A precise frequency measurement and analysis method utilizing the concept of the different frequency phase synchronization fuzzy region is presented based on the principle of phase synchronization detection. Initially, the frequency of the measured signal was roughly estimated by using the traditional high-precision time and frequency detection technology. Subsequently, the frequency estimated was fed into a direct digital synthesizer (DDS) to generate a real-time frequency standard signal that exhibited a slight frequency deviation relative to the measured signal. The edge pulses of the different frequency phase synchronization fuzzy region served as counter switch signals, enabling the counting of both the detected signal and the real-time frequency standard signal within a specified gate time. Through subsequent data processing of the obtained values, the frequency, frequency difference, and frequency accuracy of the detected signal could be determined. Experimental results demonstrate that the system based on this method achieves a frequency stability of 10-13 at 1 s, with a frequency deviation of less than 3 Hz. Compared with traditional frequency measurement and analysis methods, this approach has many advantages, especially its fast response time of less than 1 ms, high measurement accuracy of more than 10-11 at 1 s, high integration with only one FPGA chip, and cost of less than 1 000 yuan.

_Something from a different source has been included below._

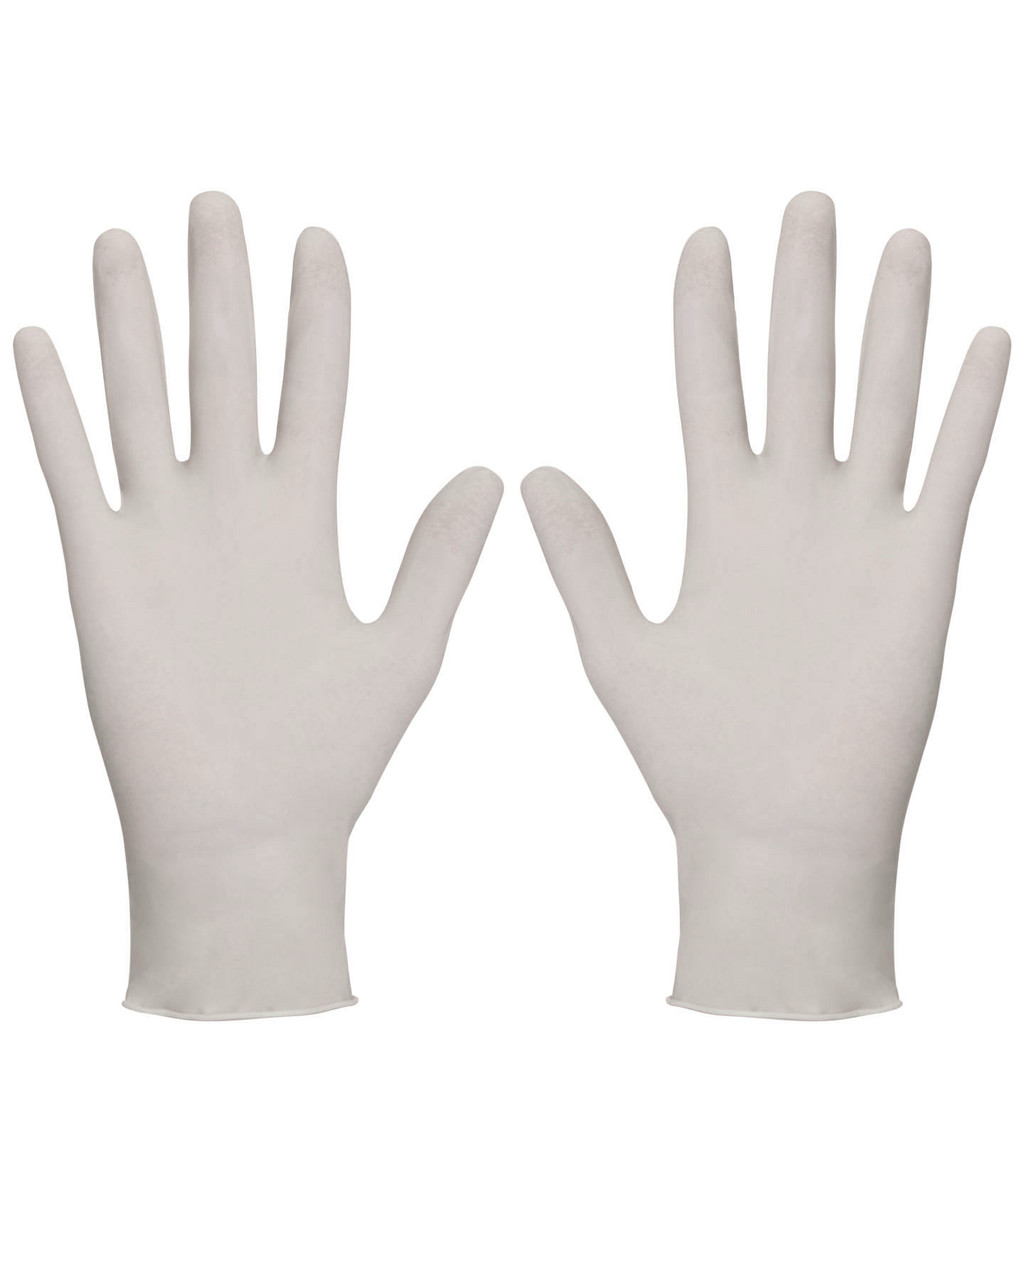 Перчатки хирургические нестерильные (АЗРИ) (отгрузка кратно 25 пар)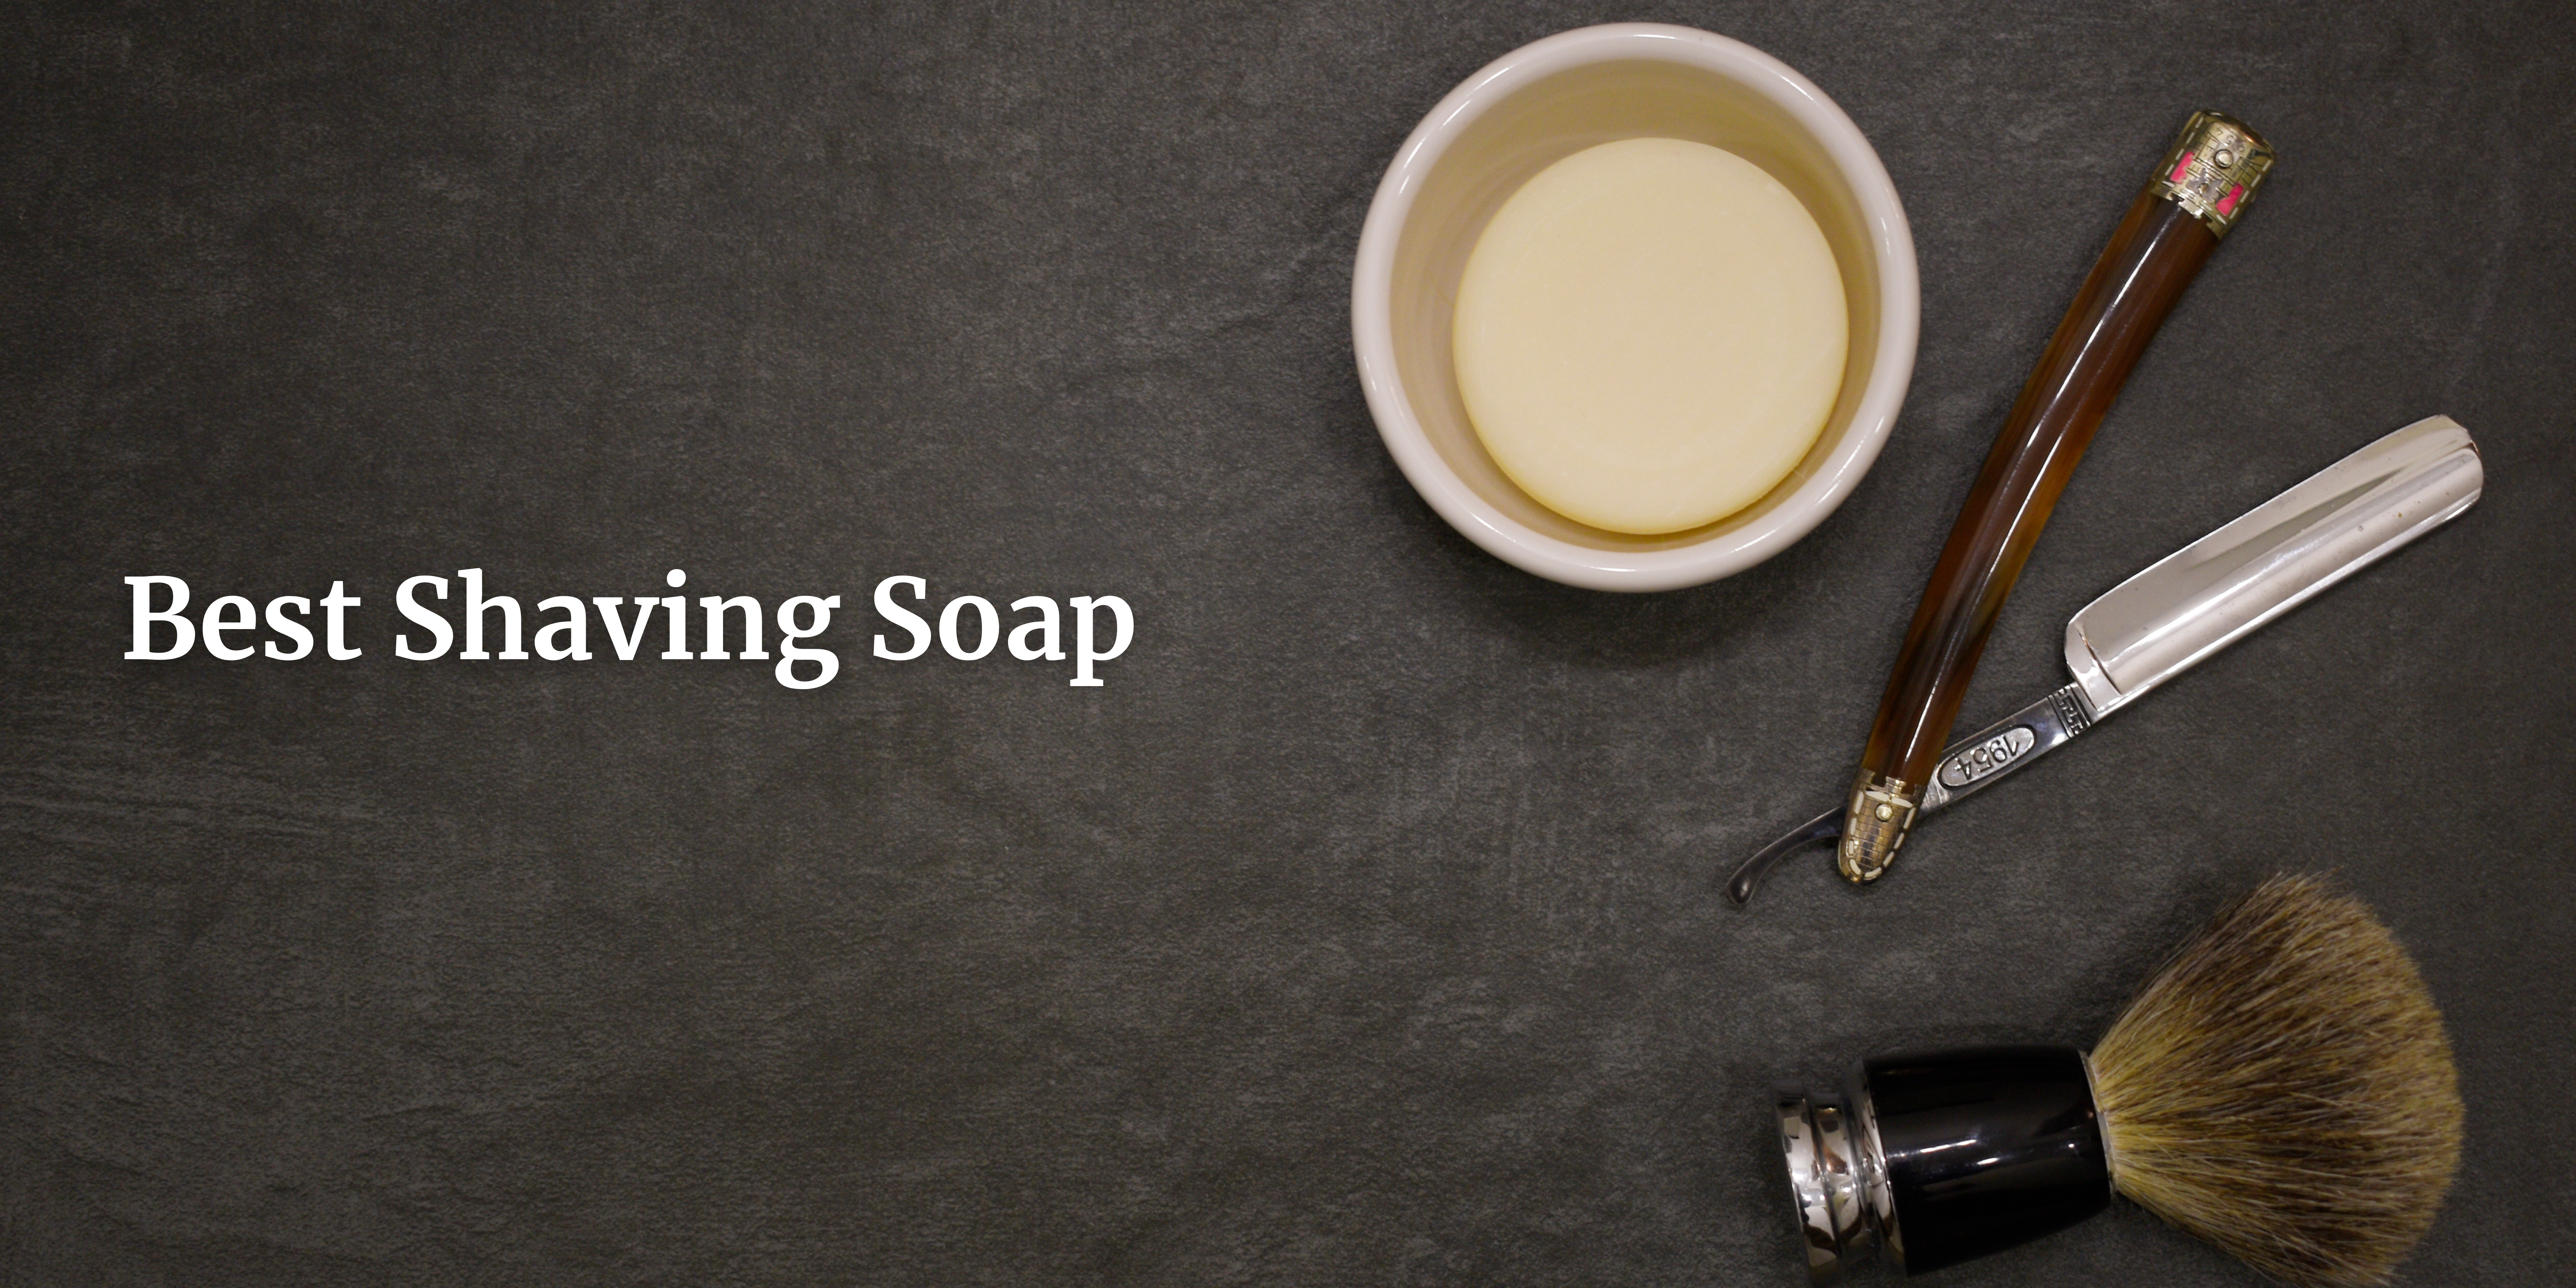 shaving soap in Spain

It is widely applied in the fields of time and frequency services and security technology of the Beidou satellite (BDS) navigation system, such as BDS pseudo-range measurement, Beidou positioning, navigation and time services, as well as precise time and frequency measurement and control, etc.
Acknowledgement
This work was supported by the National Natural Science Foundation of China (No.62173140), Key Research and Development Project of Hunan Province (No.2022GK2067), and Natural Science Foundation of Hunan Province (No. 2025JJ50408).
Declaration of conflicting interests
The authors have no conflicts of interest related to this publication.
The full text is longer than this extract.